I stopped at an elderly neighbor lady’s house one day to see her stirring something in a big cast iron kettle that she had a fire under in the yard. She was washing her husband’s long johns in what appeared to be water and lye soap.
Granny had a cow that she would milk every day. Milk would sit and clabber in a churn. I tried my hand at churning the milk to make butter and buttermilk. It was a trying job but would put muscles on anyone brave enough to sit long enough to see the butter start to form. Nowadays I just reach into my electric refrigerator and pull out a pound of butter. It takes a few seconds and doesn’t use much muscle power at all.
I am getting ready to fly out of the country. As a child of poor people, my relatives and every man in the neighborhood would rejoice in having a vehicle of some type; an old truck or car. Most were probably bought used. People may have lived in a dump but they had that vehicle! Now instead of walking miles to get to the school bus pick up at the end of the hollow (hollor), we jump into one of our two or more vehicles and drive to school. I never dreamed that the day would come when I would be able not just to hop a plane but actually be able to afford to.
We never had a telephone until we moved to town. Cells phones and watches that we could use as phones were on Dick Tracy’s arm only. My how things have changed! I could go on for hours but I’ll stop here.
Mike, you brought out a lot of memories! Thanks.

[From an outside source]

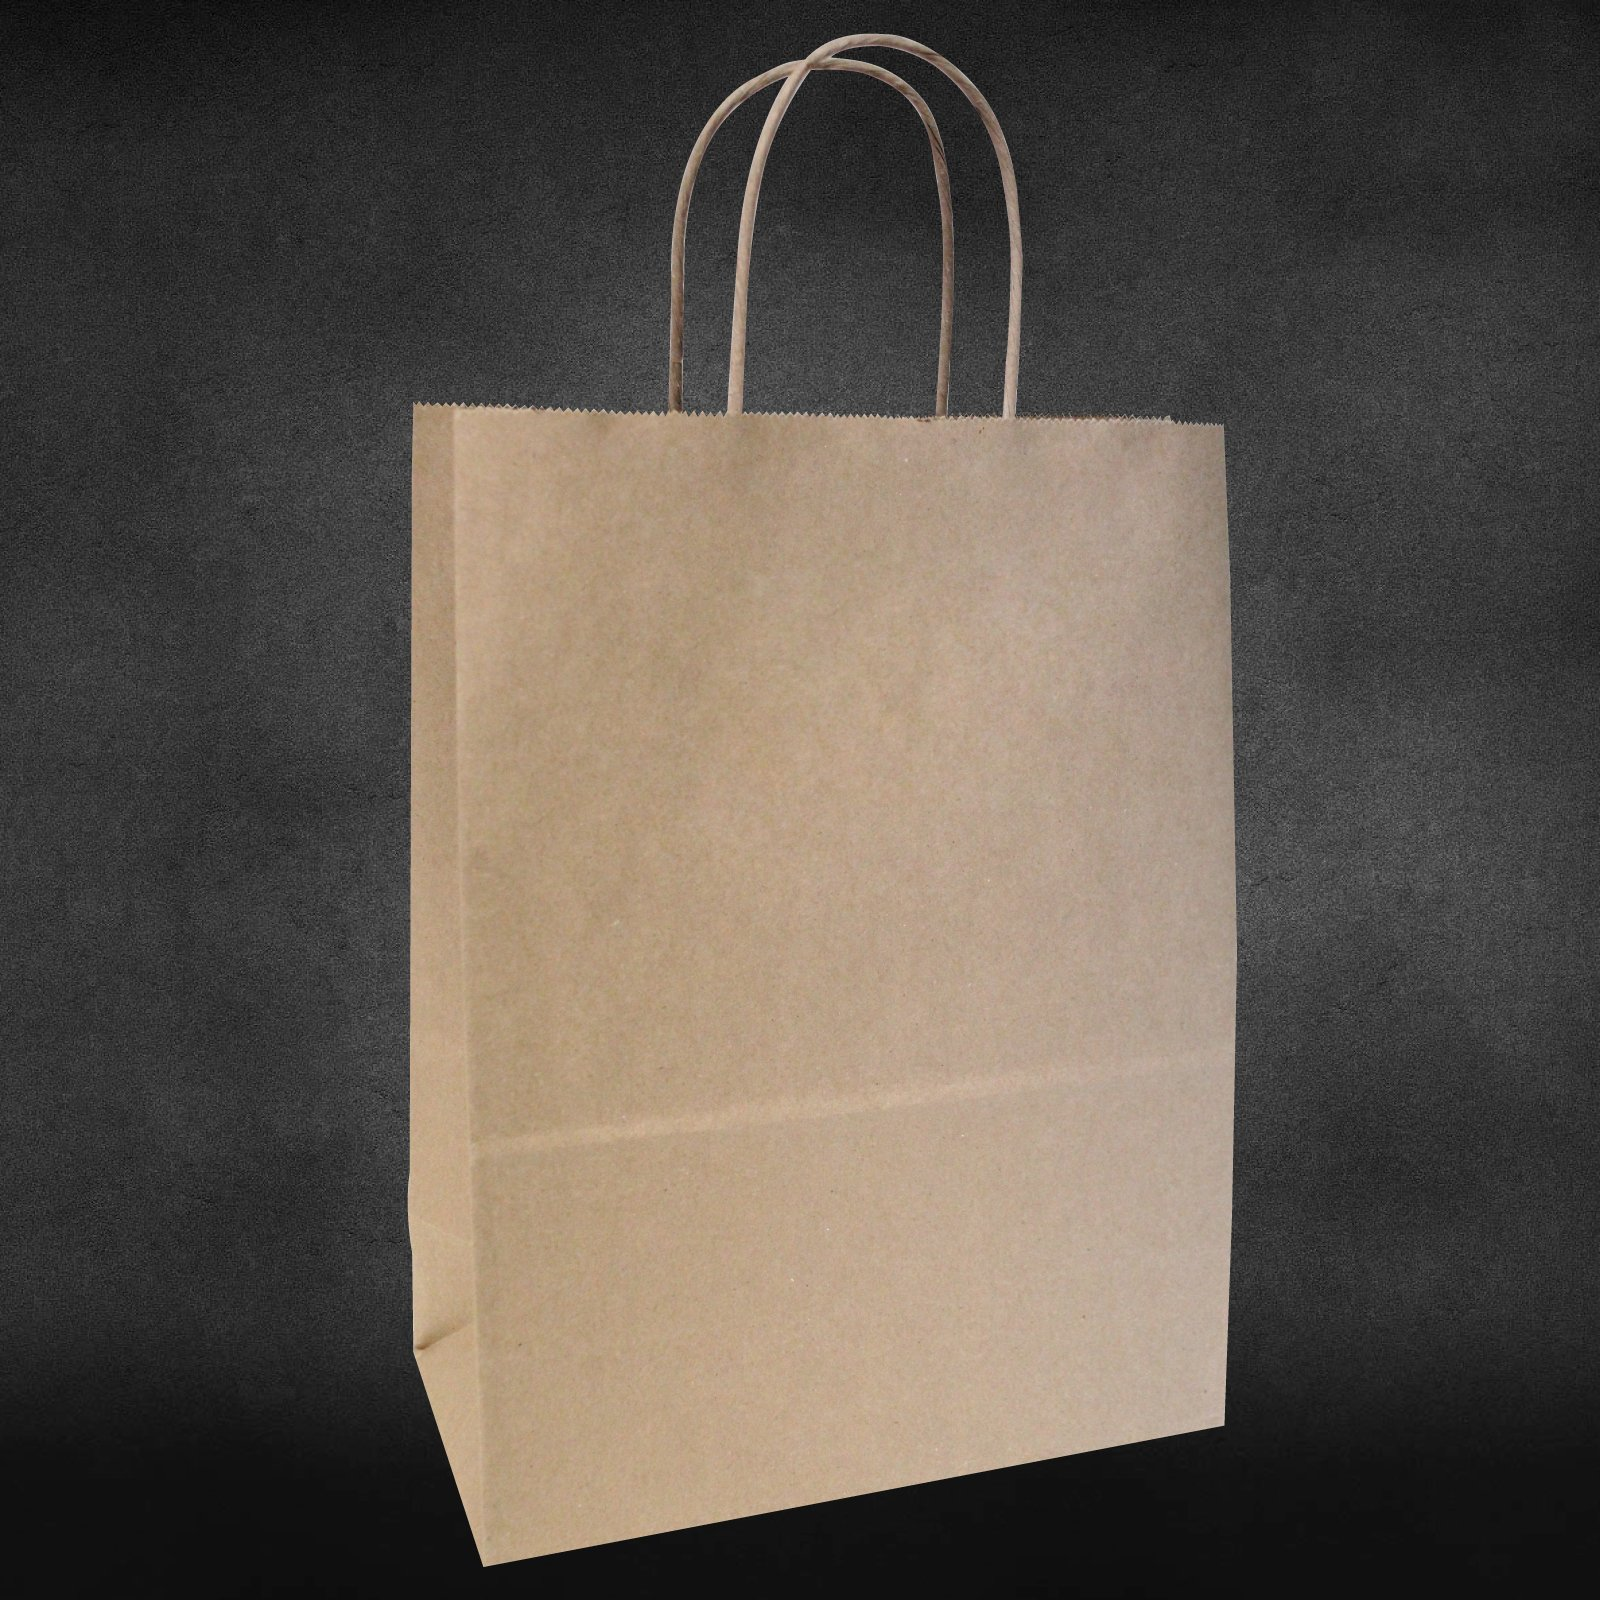 10''x5''x13'' - 100 Pcs - Bagsource Brown Kraft Paper Bags,95% POST CONSUMER MATERIALS & FSC CERTIFIED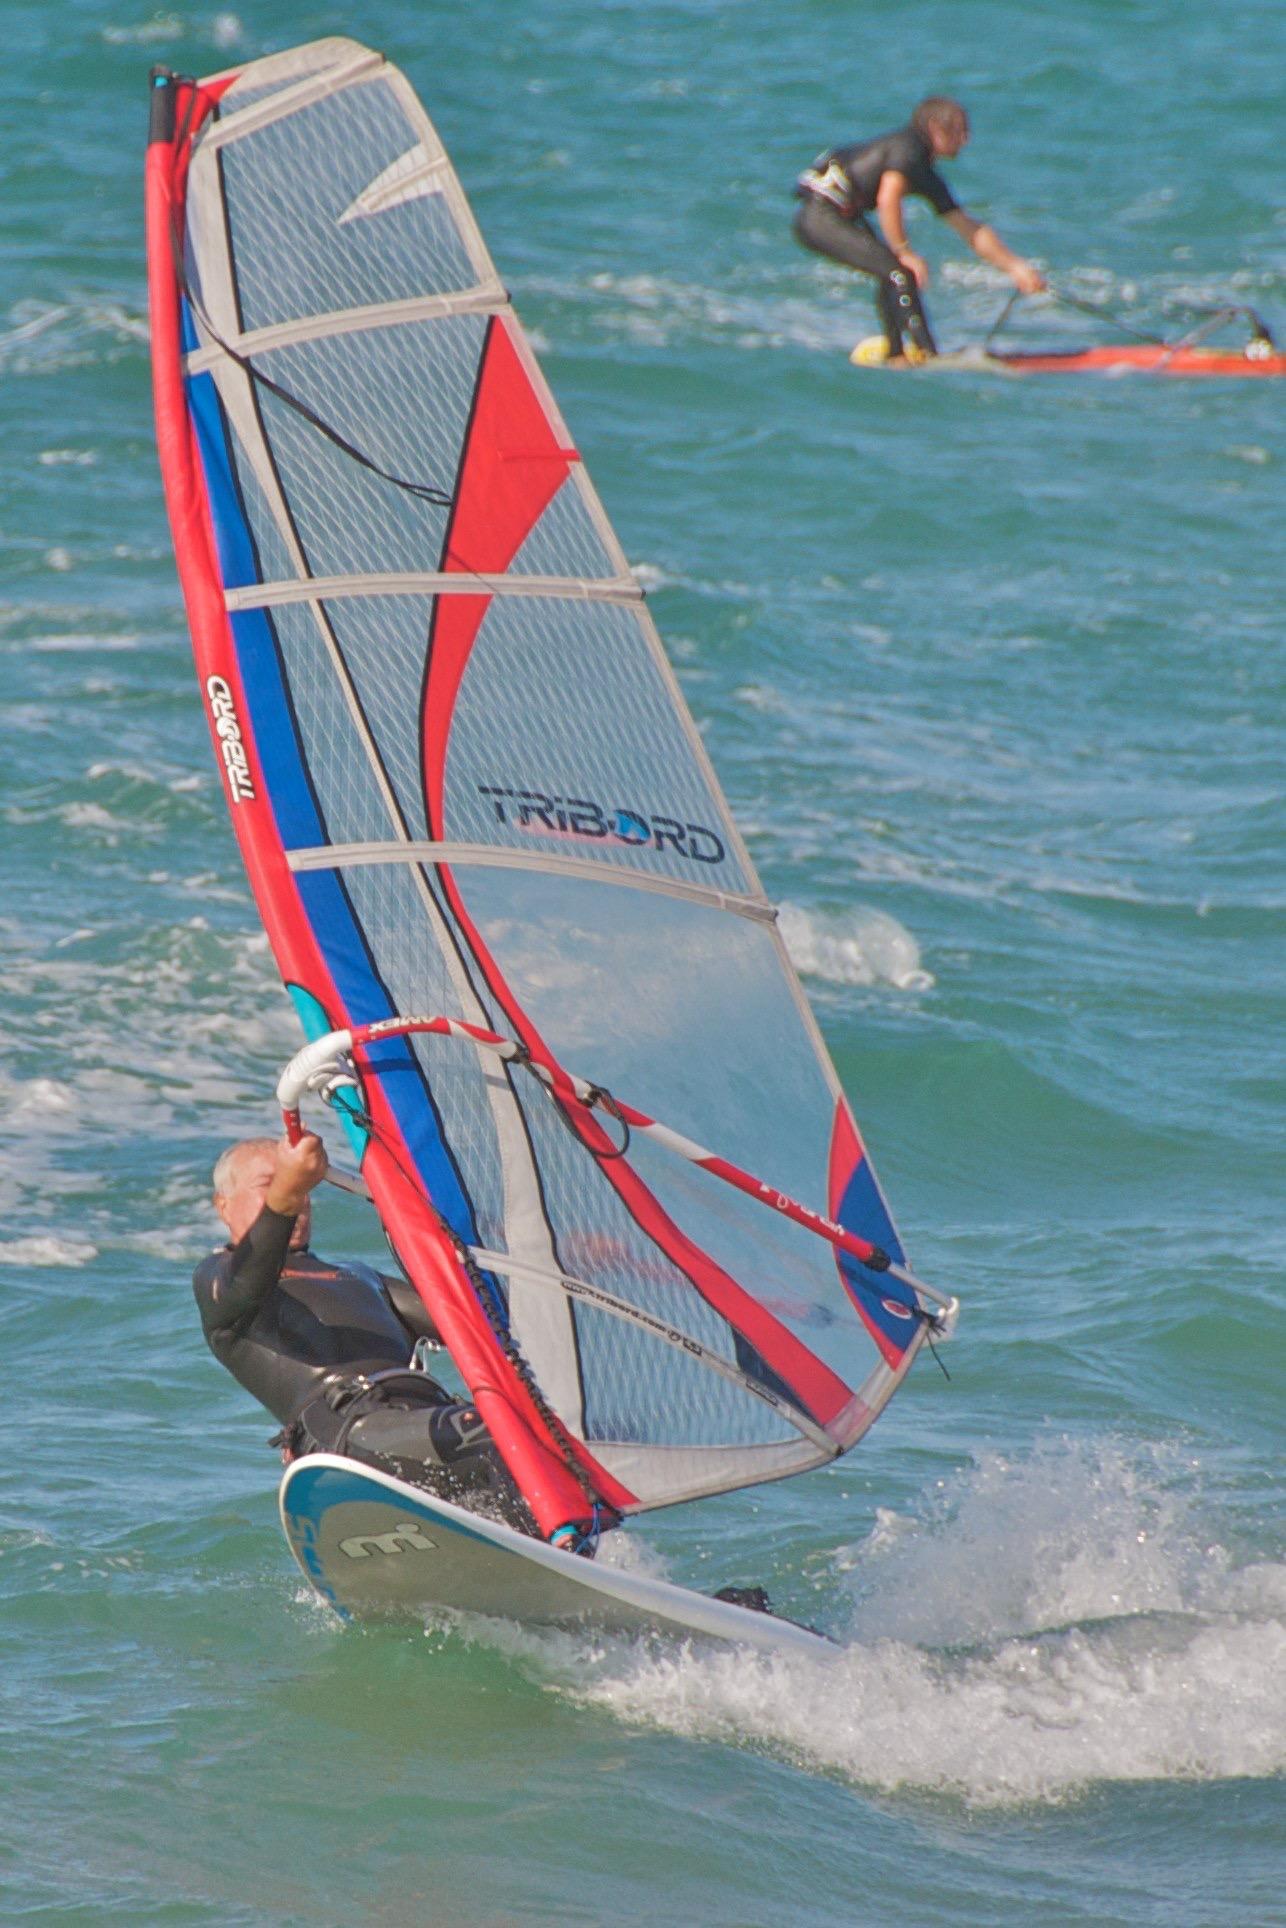 Porto Pollo - Sardinia's surfing capital

Yes Diane, things have indeed changed, but not for the better in my opinion. I remember many of the things both you and Mike mentioned. My grandmother used a coal/wood cook stove up till about 77, she likely would have continued but she passed away. My uncle bought her an electric range in the early 70’s but she barely used it for anything. However the wonderful things she concocted on her old stove could not be matched by todays finest dining establishments. I ate all the things you mentioned and more. Fried chicken started with granny picking a couple of hens, then she would ring their necks in one snapping motion using both hands, then gut, scald and pluck cut and prepare in lard of course deep fried. Ham sausage and bacon came from her own hogs, from which she ‘rendered’ lard, (she bought some too, in 25lb steel cans, that were re purposed for flower, corn meal or whatever. KFC had not one thing on granny! Todays youth will never taste as good a meal as she could prepare, because its not on a McDonalds menu. She had a cow, thus we had milk (sweet milk it was called), cream, butter, and OH MY, we had buttermilk, and I love it to this day (don’t understand Mike?). It’s not as good from the store, but I guzzle that too. And ‘cow butter’, as she called it, OHHHHHH! I buy my butter at a store now, but I don’t buy margarine! One is called “I cant believe its not butter”, I have no problem not believing it! I hate cell phones (although I have one), I hate my own! What was wrong with the old black phones? I was in my teens when we got one of those. Well I’ve went on enough.